Pop culture obsessives writing for the pop culture obsessed.
Pop culture obsessives writing for the pop culture obsessed.

Kitchen Nightmares: "Dillon's"

Illustration for article titled Kitchen Nightmares: "Dillon's"
Illustration for article titled Kitchen Nightmares: "Dillon's"

So here we are in week two, and we've already come to the infamous lawsuit episode! For those who don't obsessively follow the entertainment news, a few months back, Martin Hyde, a former manager of Dillon's restaurant in Manhattan–an eatery he describes on the show as "an American-Irish restaurant with an Indian-ness connected to it"–sued to stop this episode from airing, claiming that the producers faked a lot of the footage, and that Ramsay himself unfairly made Hyde look like a prat.

And boy does he! Ramsay starts snapping at Hyde almost as soon as he arrives, and rather than backing away from skewering Hyde in the wake of the lawsuit, the producers give it to him with both barrels, taking every opportunity to stick in an insert shot of Hyde chattering on his cel phone while the kitchen is in crisis, or leaning against a wall doing nothing, or resting on a bench before service while the waitresses stroke his hair. ("It's a natural thing," he coos.)

Was Kitchen Nightmares unfair to Hyde? Probably a little. Maybe a lot. But it's hard to buy his claim that the production staged the scenes where they found rotten food, ramshackle furnishings and a basement full of vermin. (If anything, I'm betting there's hardly a restaurant basement in New York that's not crawling with roaches and rats.) It would be one thing if Ramsay had just stuck one bad burger in front of the camera, but he produces bin after bin of spoiled meat and moldy veg. And it's the restaurant staff itself that provides plate after plate of greyish food to Ramsay when he first comes through their door. That can't all be explained away as "creative editing." (And for what it's worth, the restaurant itself isn't part of the lawsuit; just the now-fired manager.)

That said, aside from the bad meat/insect fear horror-show, and the slow-building showdown between Dr.
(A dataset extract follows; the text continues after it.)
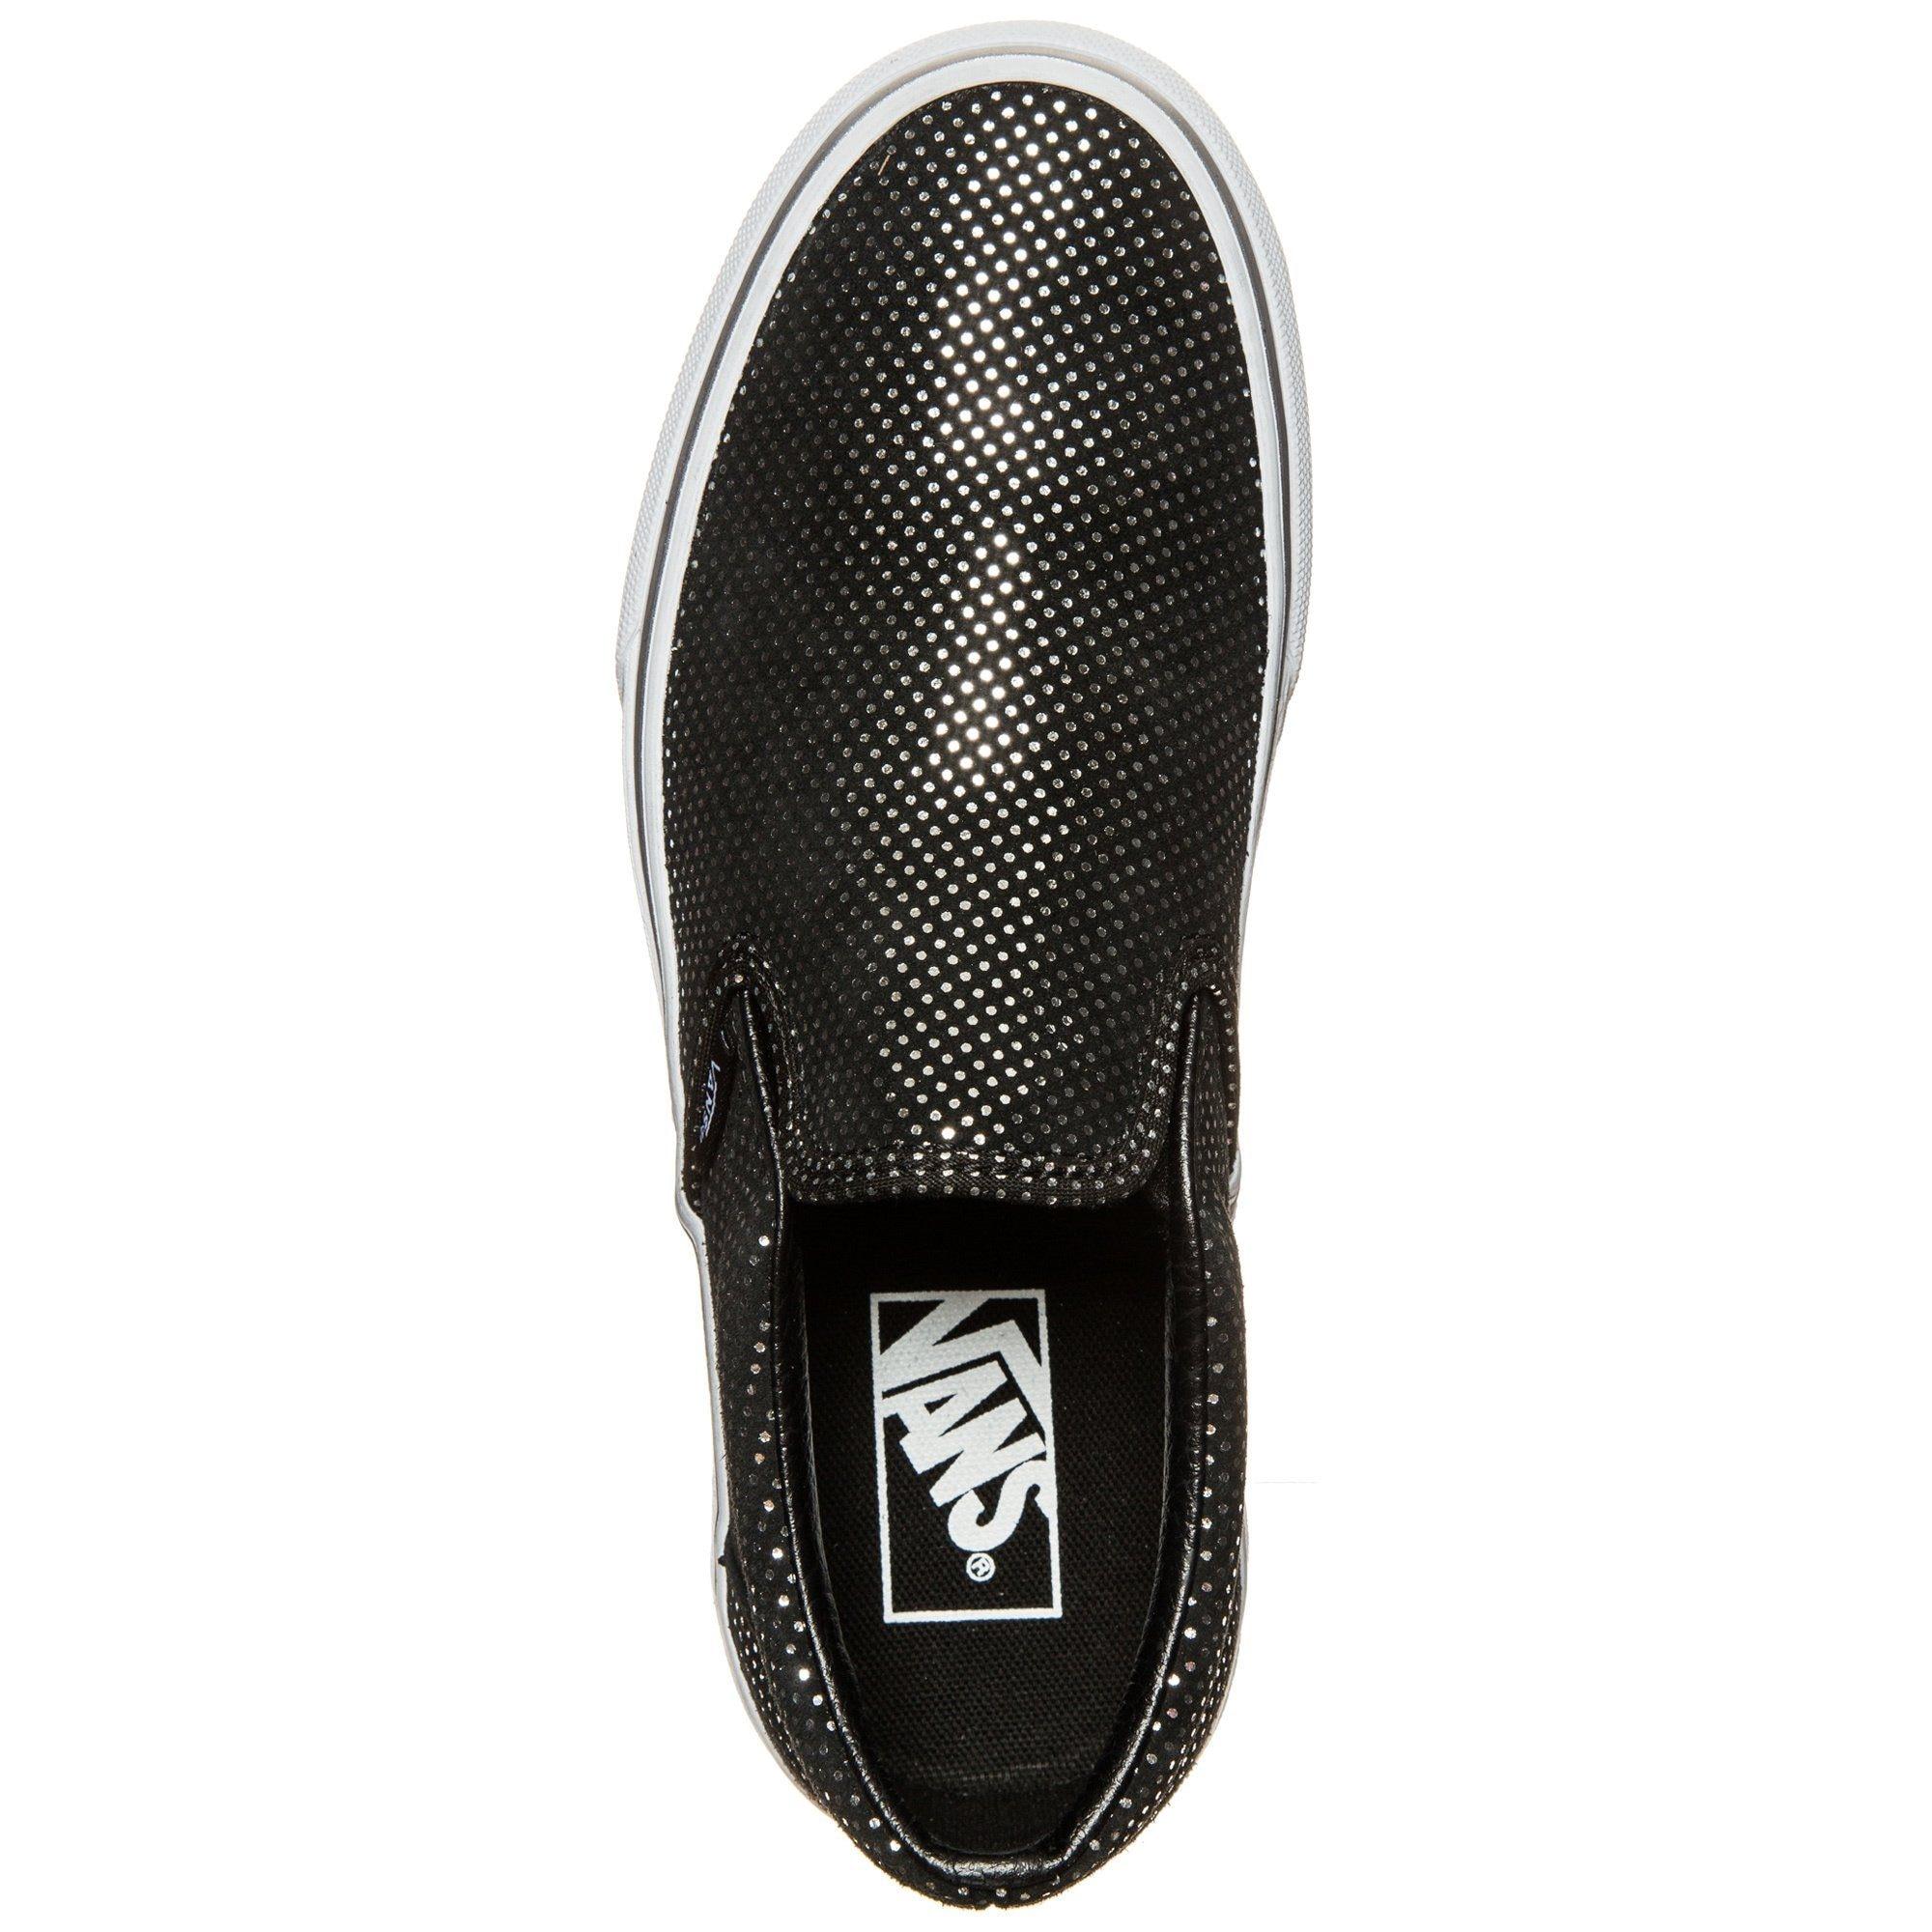 Vans Classic Slip-On Metallic Dots Sneaker jetzt Damen jetzt Sneaker online kaufen | Gutes Preis-Leistungs-Verhältnis, es lohnt sich e826e4

Ramsay and Mr. Hyde, everything about this episode was distressingly pro forma. Once again, this wasn't a case of Ramsay swooping in and showing hard-working, well-meaning businessmen how to simplify and improve; it was a wholesale revamp, including a new name (Purnima), new décor (modern Indian instead of sheets of formless muslin), and, most egregiously, a new executive chef.

It's the last bit that galls me. On the British version, even when the chef of the week sucked, Ramsay taught him or her some simple tricks and explained that even if they couldn't become a culinary genius in a week, they could at least learn to cook well enough to satisfy their customers. (It's like the opposite of the Ratatouille philosophy.) Here, Ramsay hands Purnima an already successful Indian chef–Vikas Khanna–to design a new menu and take control of the kitchen. Then he rushes out the door, muttering, "My job is done here," when he really didn't do anything but yell for an hour.
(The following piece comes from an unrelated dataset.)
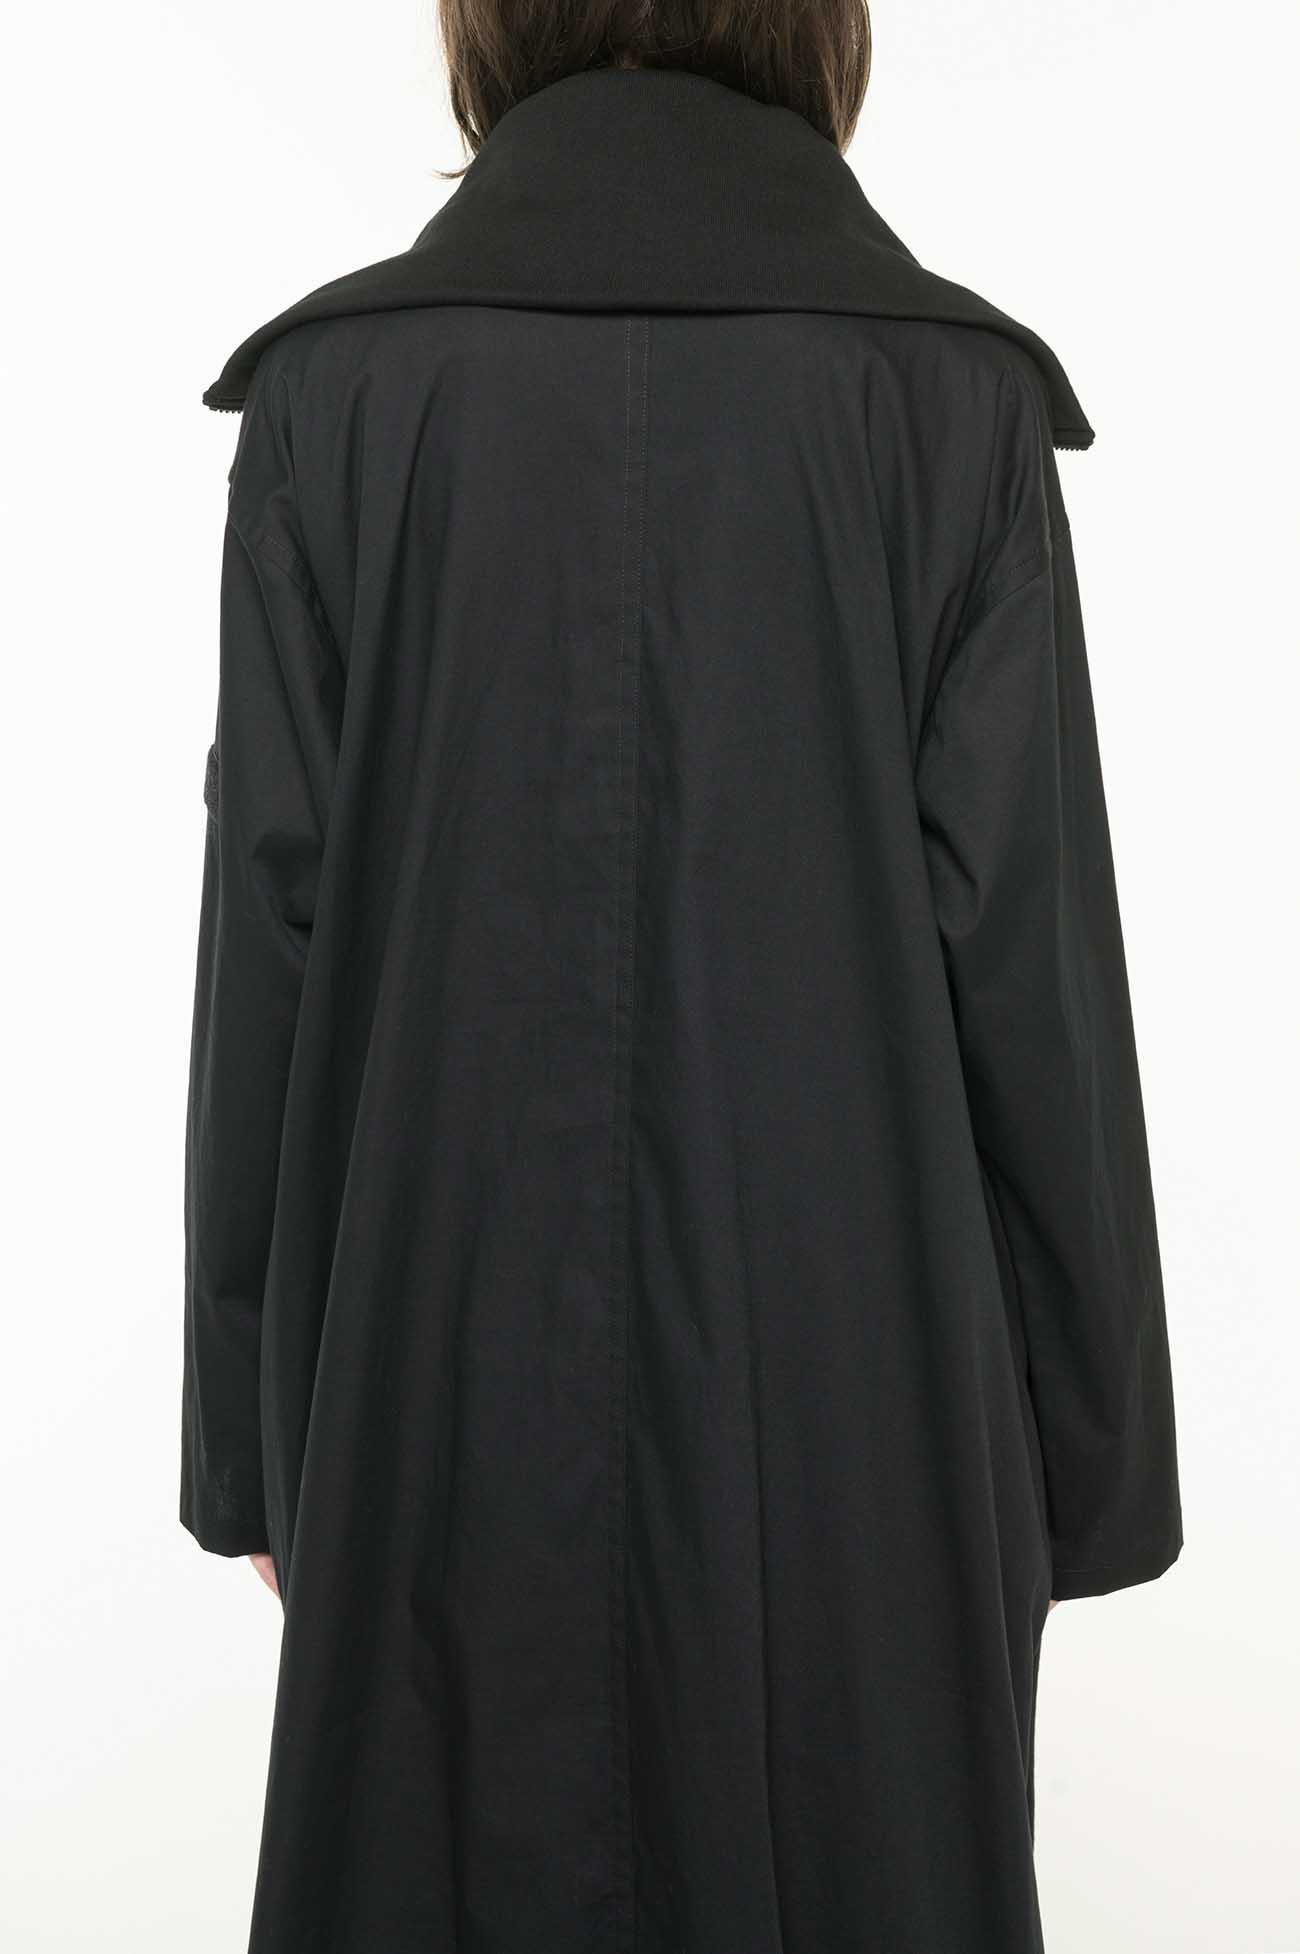 DENSED FLEECE HALF ZIP UP DRESS

The yelling is still fun, though. The yelling is still fun.

Grade: B-

Stray observations:

-The lengthy set-up of the first episode has been cut down considerably, thank goodness. This episode gets down to business pretty much straight away. Also, Ramsay took his shirt off this week!
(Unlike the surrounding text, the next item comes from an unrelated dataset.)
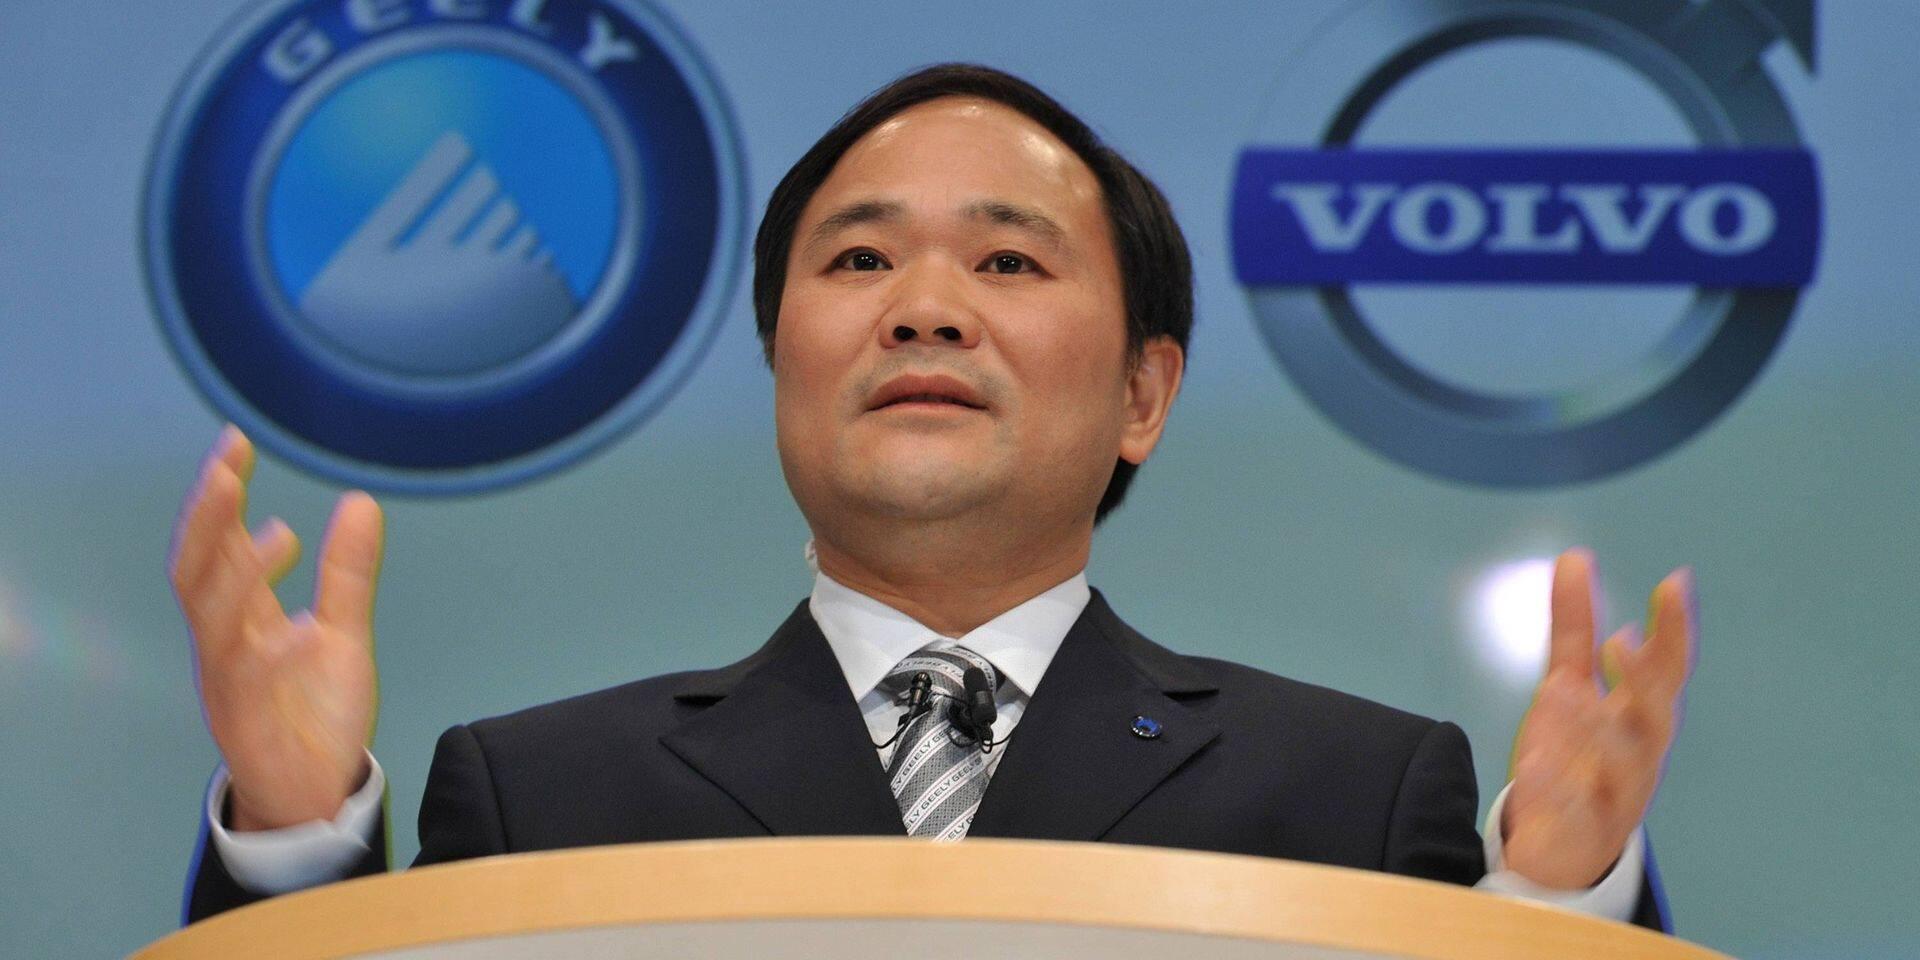 Le président de Geely, Li Shufu, s'adresse à la presse après la signature d'un accord avec Ford Motor Co. sur l'achat par Geely de Volvo Cars à Goteborg en Suède.

-The segment where Ramsay takes the Dillon's management team on a tour of his own restaurant looked suspiciously like an advertisement. Don't want flies buzzing around your table and month-old tomatoes? Come down to Gordon Ramsay's London, where we clean the refrigerators twice daily!

-According to what I've read, the customers on Kitchen Nightmares aren't actors, but have been recruited, and are probably being paid a small stipend–or at least provided a free meal. Either way, it's hard to feel bad for their long wait times and cold food.

-Line of the week, after the line cook gets so emotional about Khanna's shellfish dish that he hugs Ramsay: "Oh, he's giving me a cuddle…It's only a scallop, we haven't lost our children!"